At nightfall we turned into an open field, and, dismounting, built a camp-fire, prepared supper, and retired, I to my work in my wagon, the men wrapped in their blankets, camping about me.
All night an indistinct roar of artillery sounded upon our ears, and waking or sleeping, we were conscious of trouble ahead; but it was well for our rest that no messenger came to tell us how death reveled among our brave troops that night.
Before daybreak, we had breakfasted, and were on our way. You will not infer that, because by ourselves, we were alone upon the road. We were directly in the midst of a train of army wagons, at least ten miles in length, moving in solid column—the Government supplies and ammunition, food, and medicine for an army in battle.
Weary and sick from their late exposures and hardships, the men were falling by the wayside, faint, pale, and often dying.
I busied myself as I rode on hour by hour in cutting loaves of bread in slices and passing them to the pale, haggard wrecks as they sat by the roadside, or staggered on to avoid capture, and at each little village we entered, I purchased all the bread its inhabitants would sell.
Horses as well as men had suffered and their dead bodies strewed the wayside.
My poor words can never describe to you the consternation and horror with which we descended from our wagon, and trod, there in the mountain pass, that field of death.
There, where we now walked with peaceful feet, twelve hours before the ground had rocked with carnage. There in the darkness God’s angels of wrath and death had swept and, foe facing foe, the souls of men went out.
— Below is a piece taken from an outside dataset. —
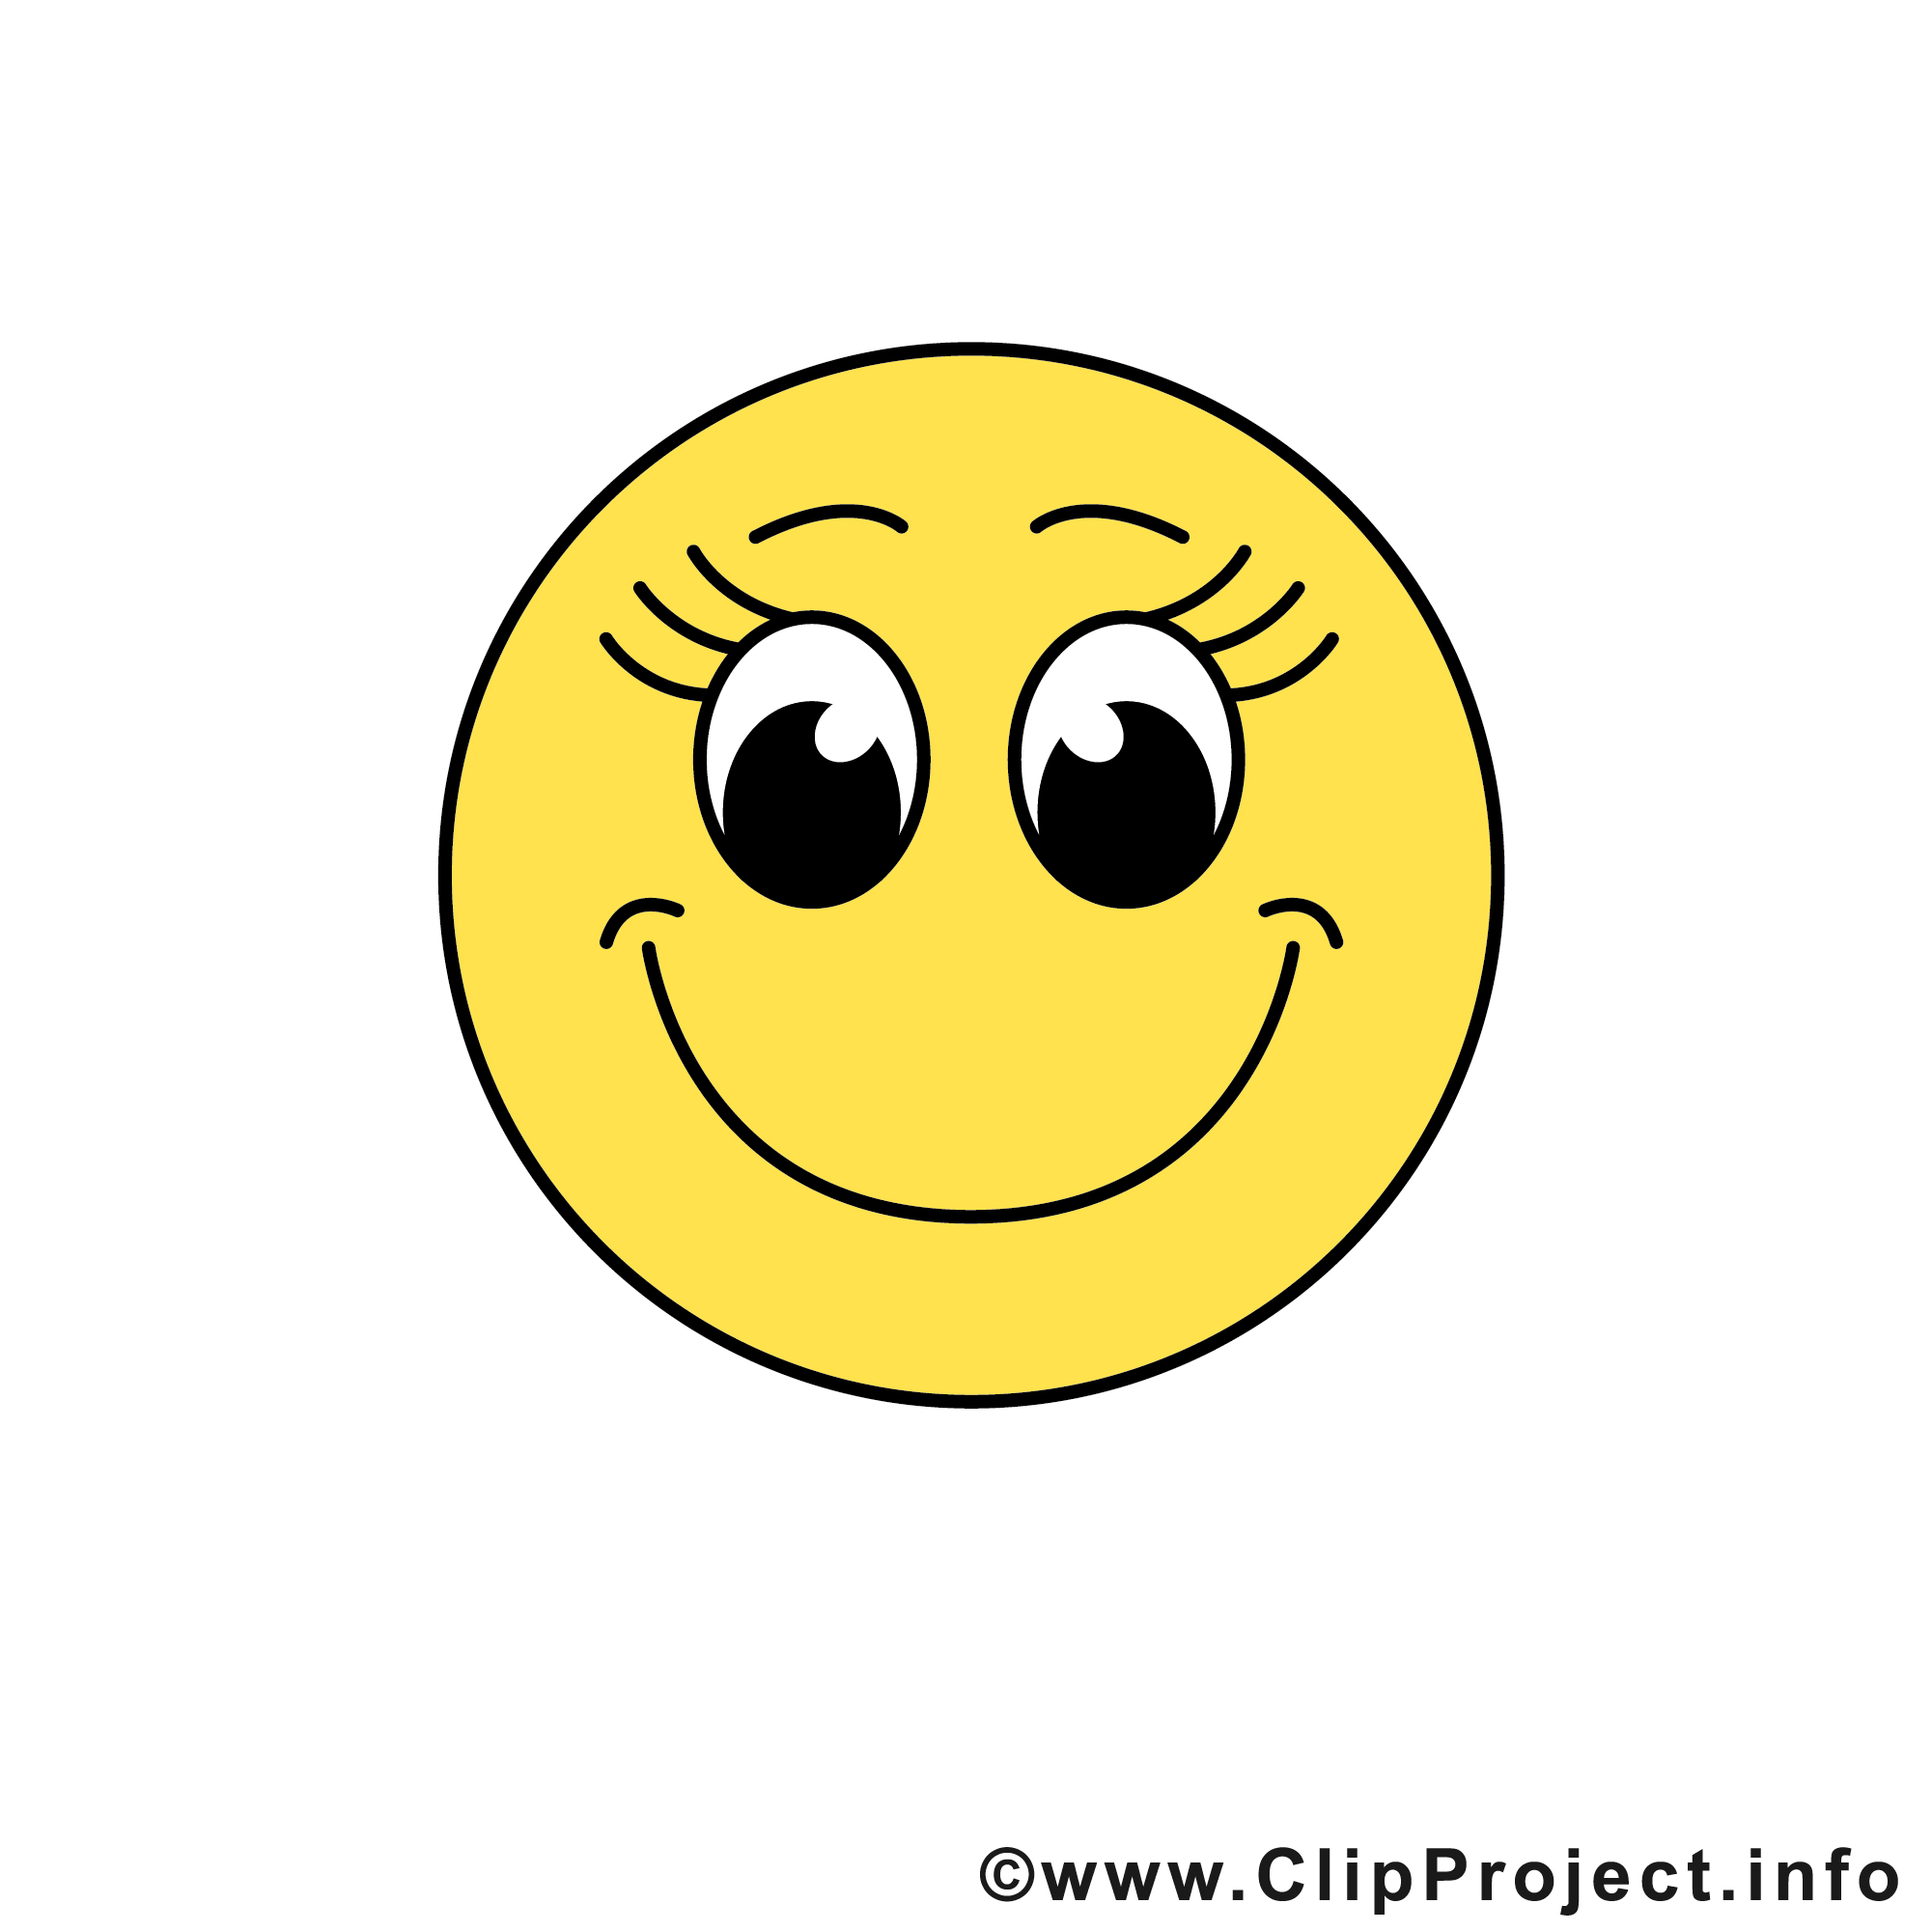 Free Smiley Emoticons Download - ClipArt Best

And there, side by side, stark and cold in death mingled the Northern Blue and the Southern Gray.
To such of you as have stood in the midst or followed in the track of armies and witnessed the strange and dreadful confusion of recent battle-grounds, I need not describe this field. And to you who have not, no description would ever avail.
The giant rocks, hanging above our heads, seemed to frown upon the scene, and the sighing trees which hung lovingly upon their rugged edge drooped low and wept their pitying dews upon the livid brows and ghastly wounds beneath.
Climbing hills and clambering over ledges we sought in vain for some poor wretch in whom life had still left the power to suffer. Not one remained, and, grateful for this, but shocked and sick of heart, we returned to our waiting conveyance.